Melalui sebuah pidato video yang disiarkan secara luas, Trump mendesak warga Iran untuk segera bangkit dan mengambil alih kendali negara mereka dari sisa-sisa rezim yang ada.
"Saya menyerukan kepada semua patriot Iran yang mendambakan kebebasan untuk memanfaatkan momen ini untuk berani, gagah, heroik, dan merebut kembali negara Anda.

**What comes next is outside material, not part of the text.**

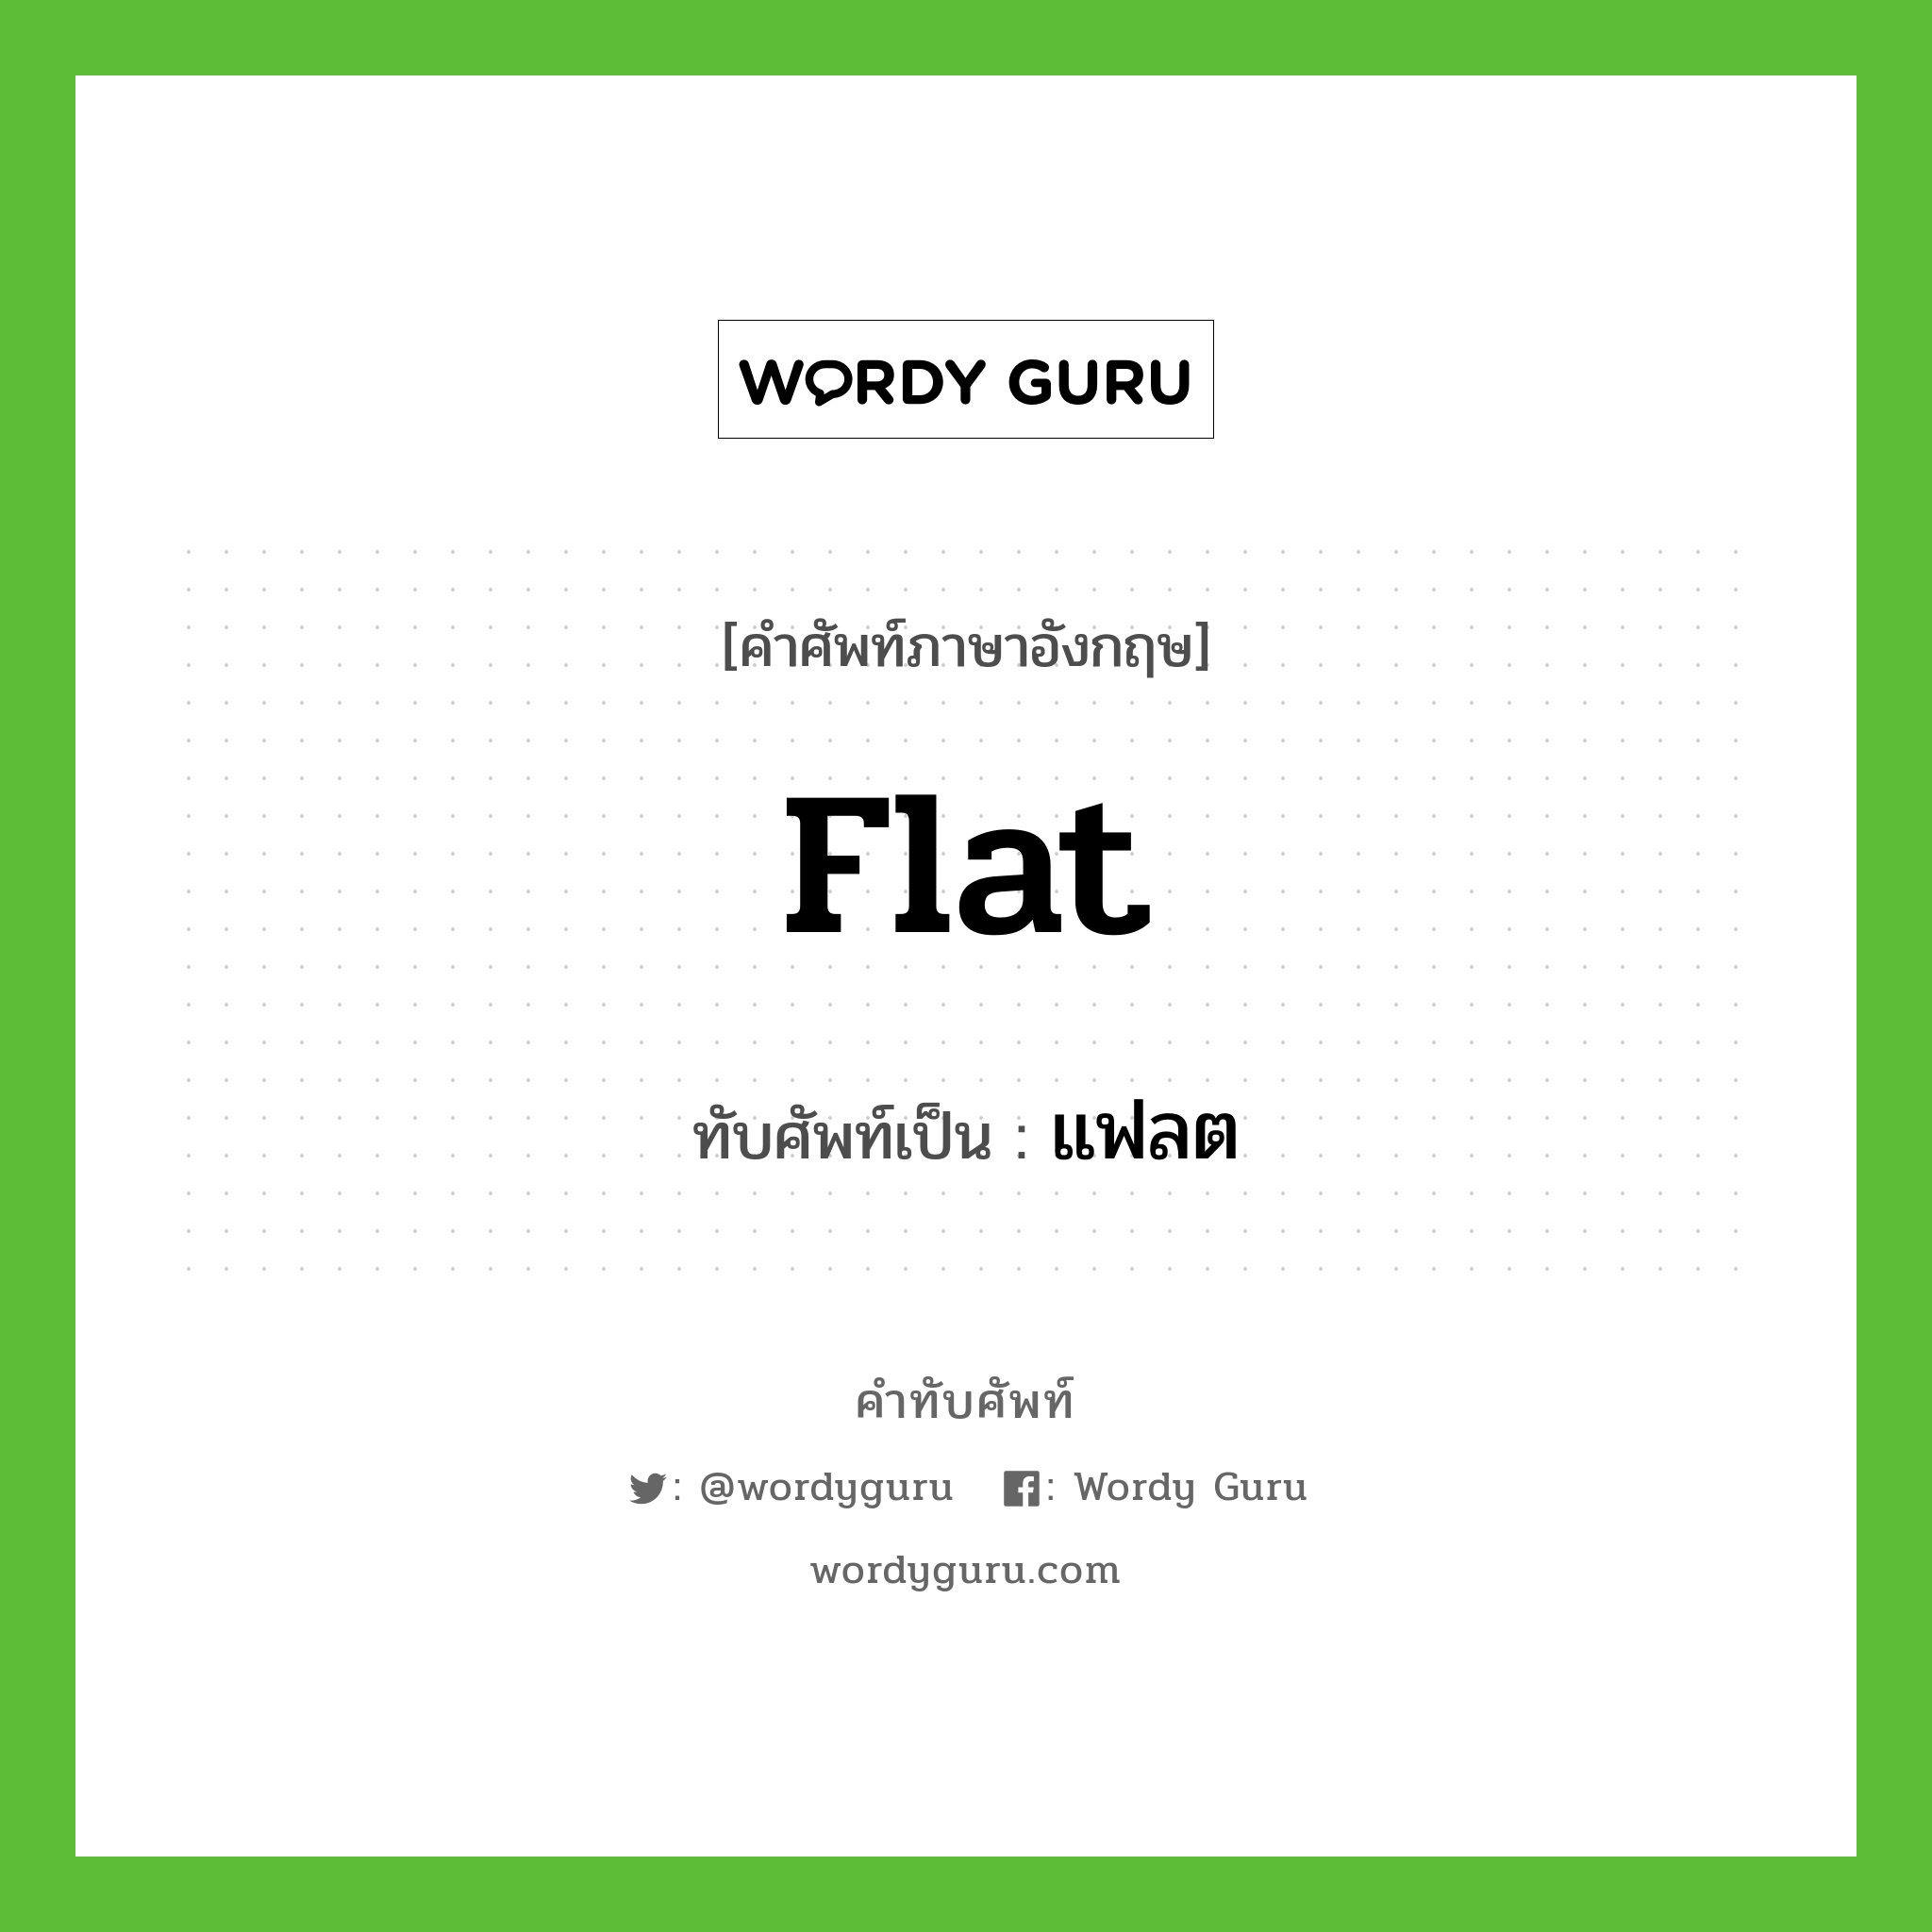 flat เขียนเป็นคำไทยว่าอะไร?, คำศัพท์ภาษาอังกฤษ flat ทับศัพท์เป็น แฟลต
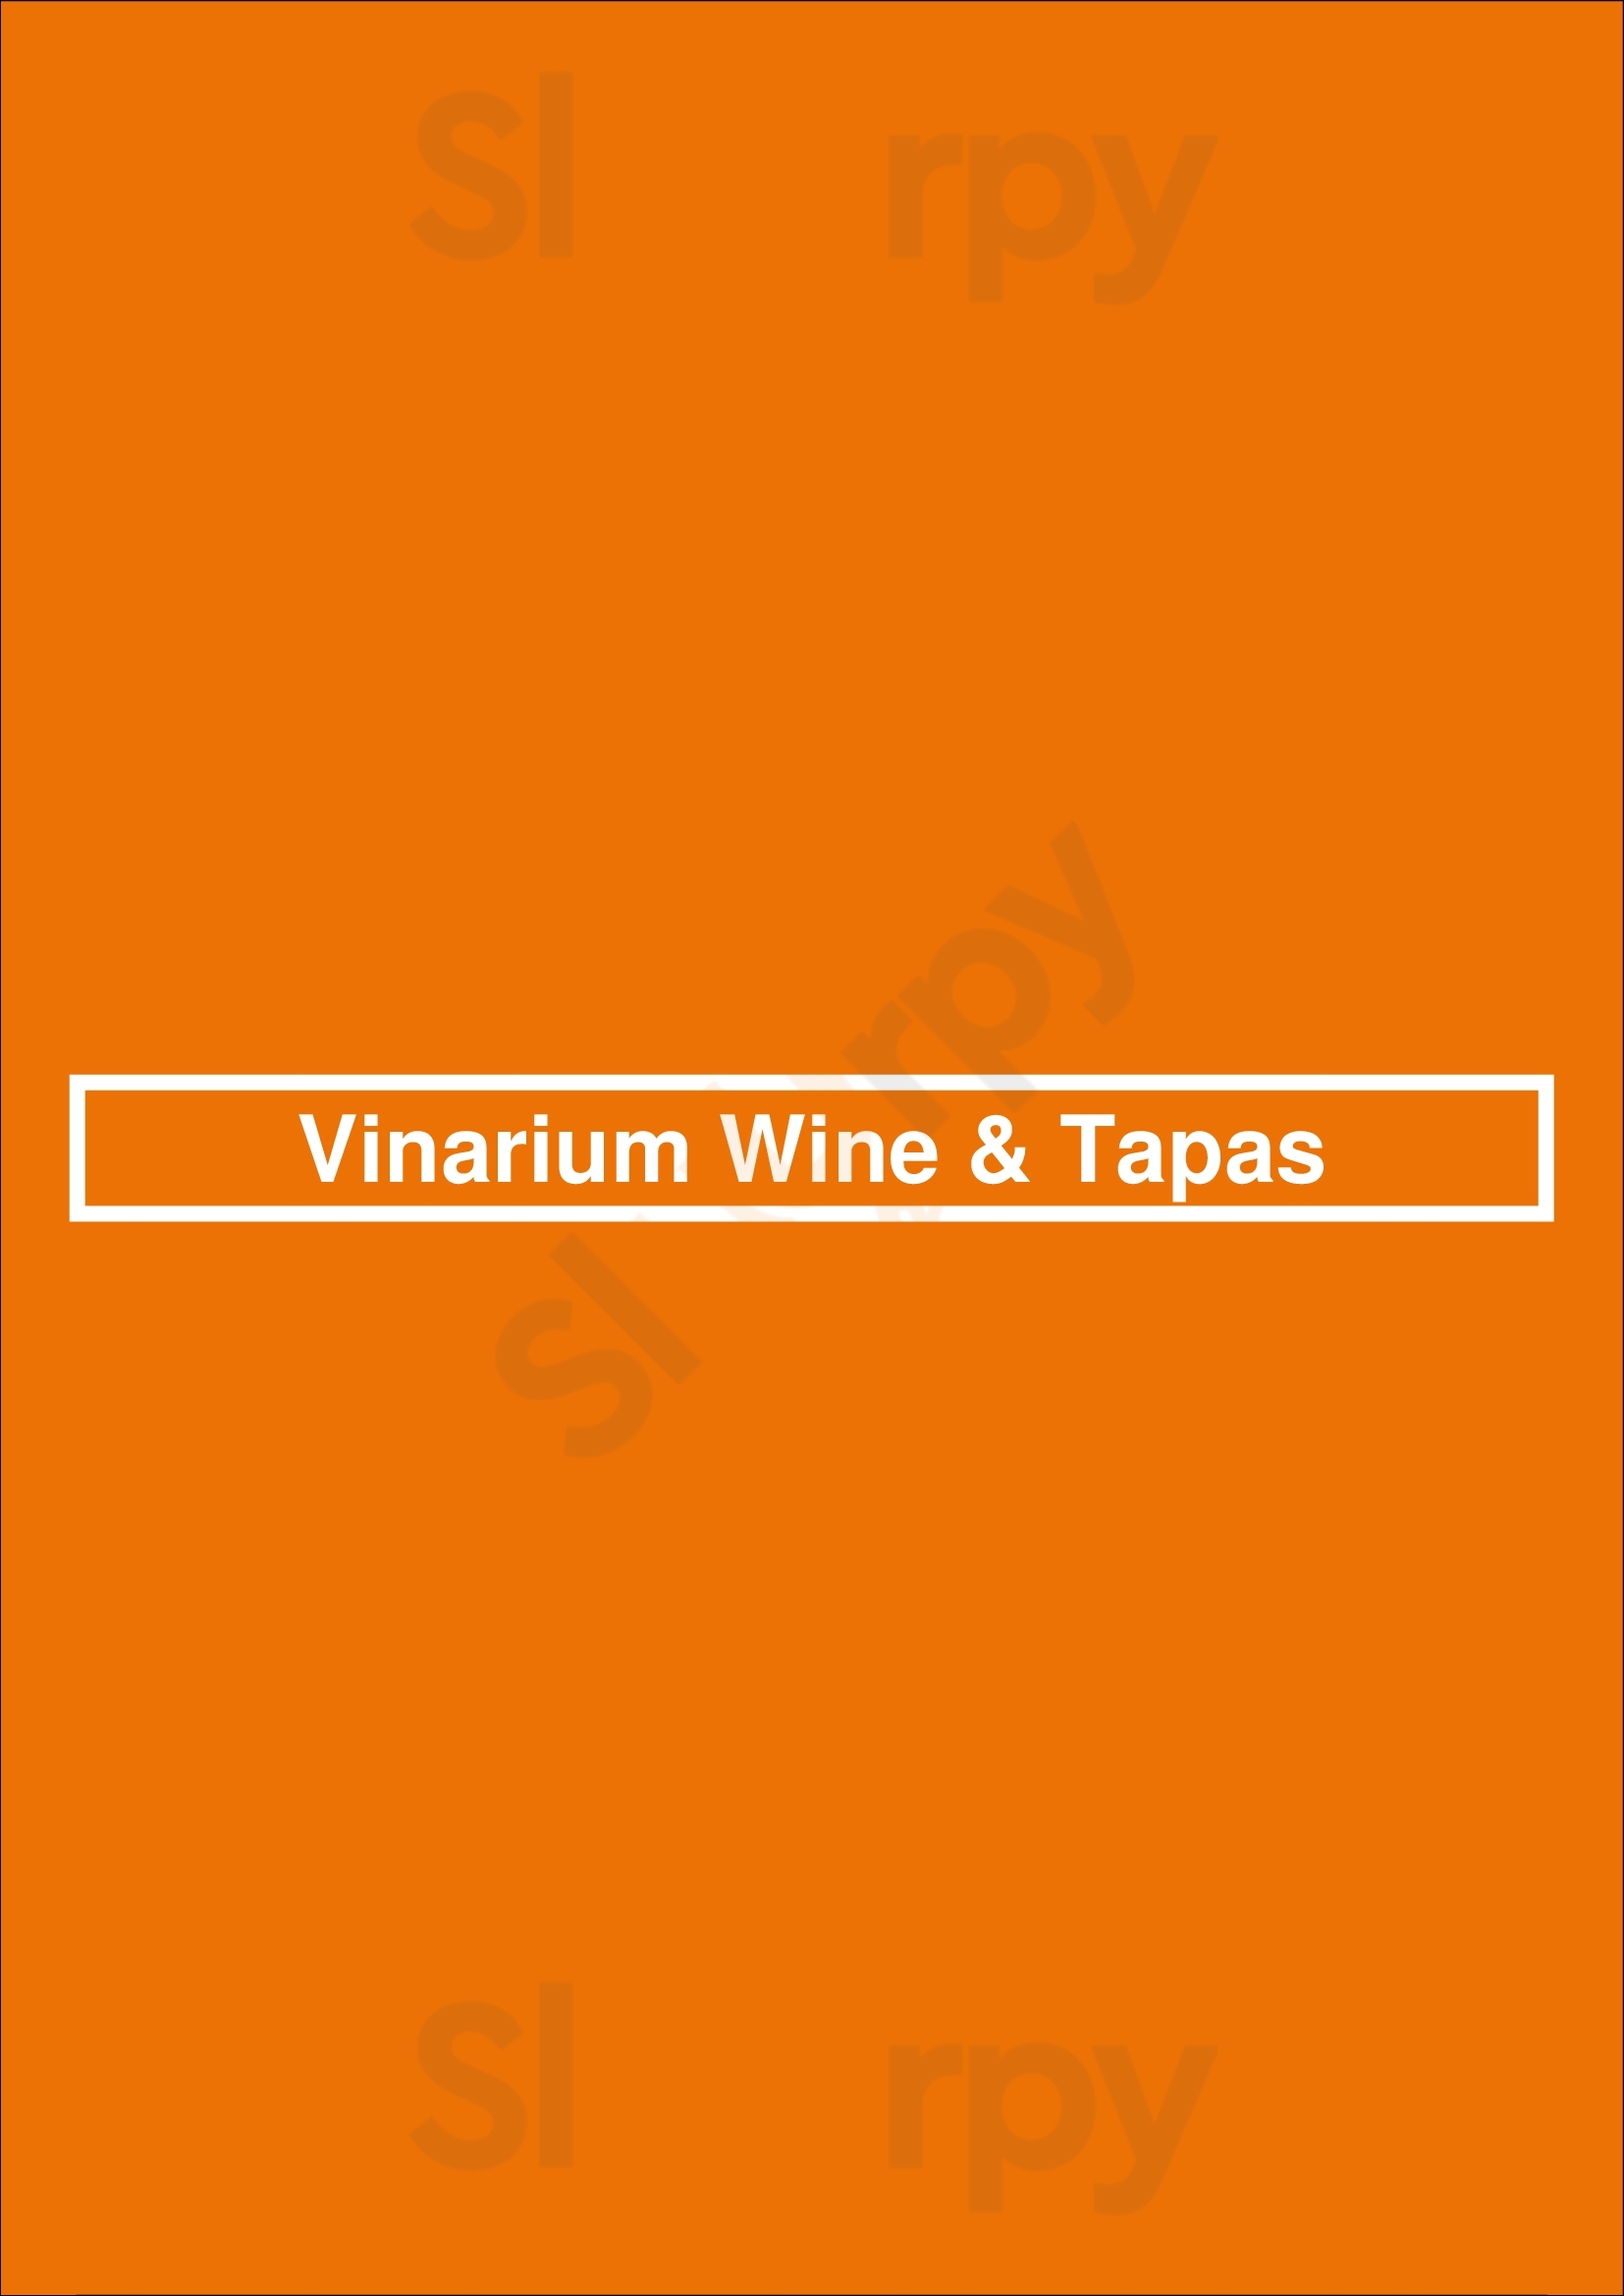 Vinarium Wine & Tapas Évora Menu - 1

Amerika bersama Anda," kata Trump dalam pidato video tersebut.
Seruan Trump ini dinilai sebagai upaya untuk memicu revolusi internal guna mempercepat runtuhnya sistem pemerintahan lama.
Di saat yang sama, militer Amerika Serikat terus meningkatkan tekanan psikologis dan fisik terhadap kekuatan pertahanan Iran yang masih tersisa.
Markas besar Garda Revolusi (IRGC), yang selama ini menjadi tulang punggung kekuatan militer dan politik Iran, dilaporkan telah hancur total akibat gempuran militer AS.
Seiring dengan hancurnya pusat komando tersebut, Trump mengeluarkan peringatan keras kepada seluruh personel keamanan Iran yang masih aktif.
Ia memberikan pilihan tegas antara menyerah secara damai atau menghadapi konsekuensi fatal di medan tempur.
"Saya sekali lagi mendesak Garda Revolusi, militer dan polisi Iran untuk meletakkan senjata Anda dan menerima kekebalan penuh atau menghadapi kematian yang pasti," katanya.
Pernyataan ini merupakan bagian dari strategi maximum pressure yang diterapkan Trump untuk meminimalisir perlawanan bersenjata di sisa-sisa wilayah Iran.
Baca Juga: Eskalasi Timur Tengah Memanas, Inggris Bersiap Evakuasi 94.000 Warganya
Trump menekankan bahwa tidak akan ada ruang negosiasi bagi mereka yang tetap memilih untuk melakukan perlawanan terhadap pasukan koalisi.
"Itu akan menjadi kematian yang pasti. Itu tidak akan menyenangkan," kata Trump masih dalam video yang sama.
Situasi geopolitik ini kini menjadi perhatian utama masyarakat dunia, termasuk di kota-kota besar Indonesia, mengingat dampak ekonomi dan keamanan global yang bisa ditimbulkan.
Dengan tewasnya tokoh-tokoh kunci seperti Khamenei dan Ahmadinejad, serta hancurnya markas elit Garda Revolusi, peta kekuatan di Timur Tengah dipastikan akan berubah secara permanen di bawah bayang-bayang intervensi politik Donald Trump.